Is there really an ethical tug-of-war between education and freedom for our zoos?

Blaise looks back fondly on his trips to the zoo as a young lad
Blaise looks back fondly on his trips to the zoo as a young lad

When it comes to family days out, there is nowhere that comes close to the zoo for providing good old fashioned wholesome fun for so many of us.

The zoo is where the vast majority of urban dwellers first clap eyes on an exotic creature which, if like me, you hail from somewhere such as Stockport, could easily be anything other than a pigeon or a three legged dog. There aren’t many places that are as joyfully madcap as the monkey house and nothing comes close to replicating the peculiar odour that emanates from the zoo’s elephant quarters.

Trips to Chester Zoo back in the early 1980s form some of my earliest memories and I dare say that is the case for many born during an era dominated by corduroy and Noel Edmonds as, back then, theme parks weren’t really a thing.

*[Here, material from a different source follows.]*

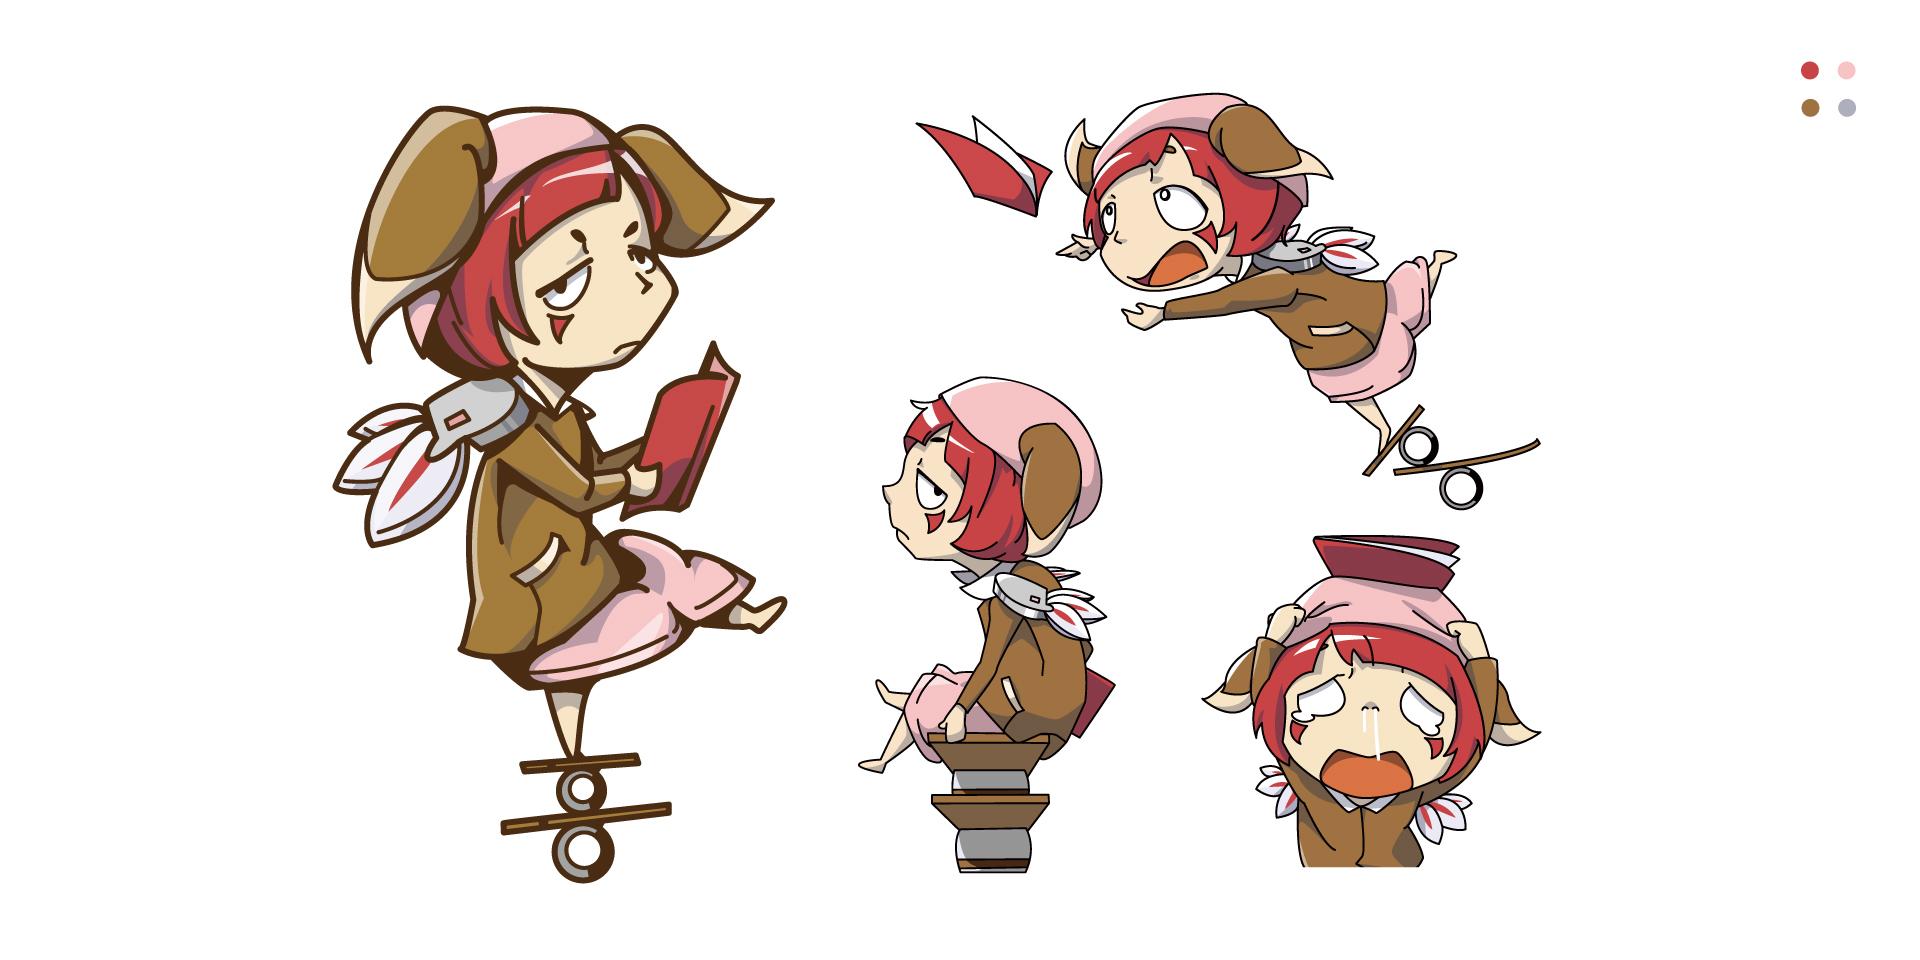 characterカンプ
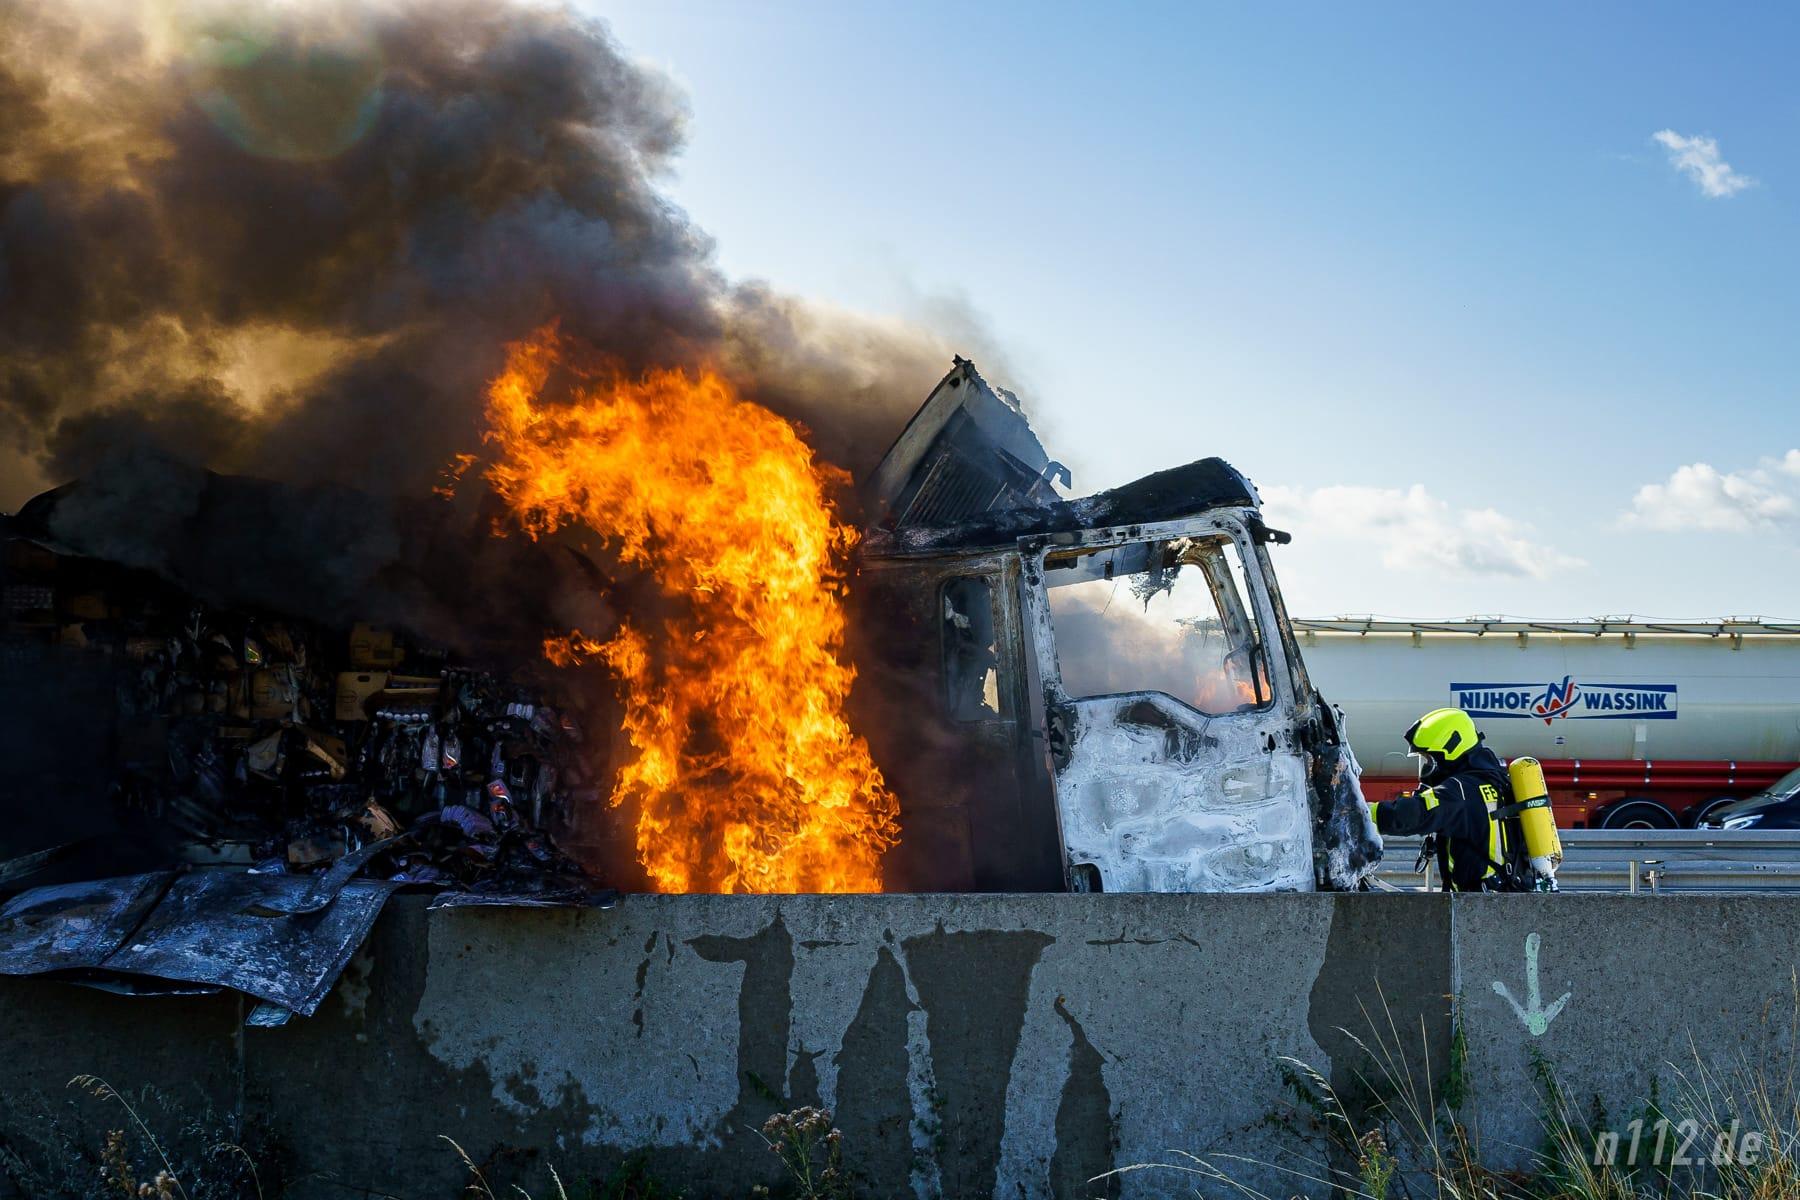 Hohe Flammen schlagen aus dem brennenden Lastwagen (Foto: n112.de/Stefan Simonsen)

But not everybody loves zoos and the brand of entertainment that they represent, a fact evidenced by the almighty fuss that was created during last week’s half term when television cameras and journalists descended on Dartmoor Zoo in Devon.

This particular zoo is now seared into a nation’s consciousness as canny bosses are giving paying customers the chance to play tug -of-war with a ruddy great lion or tiger, which are now regularly fed a piece of meat attached to a rope.

The aforementioned customers, aged as young as eight, then join forces to take on the big cats and, from what we have seen and read, usually come off second best. It is certainly not something that I would fancy shelling out £15 for but the punters I saw interviewed on the news were positively giddy with excitement after their really wild workout. The idea has been passionately defended by the attraction’s owner Ben Mee, who you may remember was played by Matt Damon in the film adaptation of his book, We Bought A Zoo.

Mr Mee says he sought the advice of vets and other animal experts who, he says, are adamant that it isn’t cruel and exercises muscles that the cats would only tend to use in the wild.

Not every animal lover has bought this explanation and, of course, the obligatory online petition, an often meaningless measure of public feeling given that they are so easy to fill in digitally.

The argument of these protesters is that the act of people attempting to wrestle away the big cats’ dinner in the name of fun strips these proud beasts of their dignity. This is the heart of most arguments made against zoos by people who think that the only place where such creatures should be seen is in the wild.

This is a view held by PETA, the animal rights organisation, which also made headlines last week when it took great exception to Google celebrating the birthday of the late, great Australian animal conservationist and television personality Steve Irwin. PETA released a statement on social media, condemning Google’s doodle tribute, claiming that Irwin, who was killed by a stingray 13 years ago, invaded the space of wild animals by harassing them.

The ire directed at PETA, which once represented a monkey in a selfie copyright lawsuit, was ferocious, such was the level of affection for Irwin right across the globe.

Yes, animals have a right to mind their own business, but it wasn’t for zoos and characters such as Irwin, the natural world would be a mystery to many.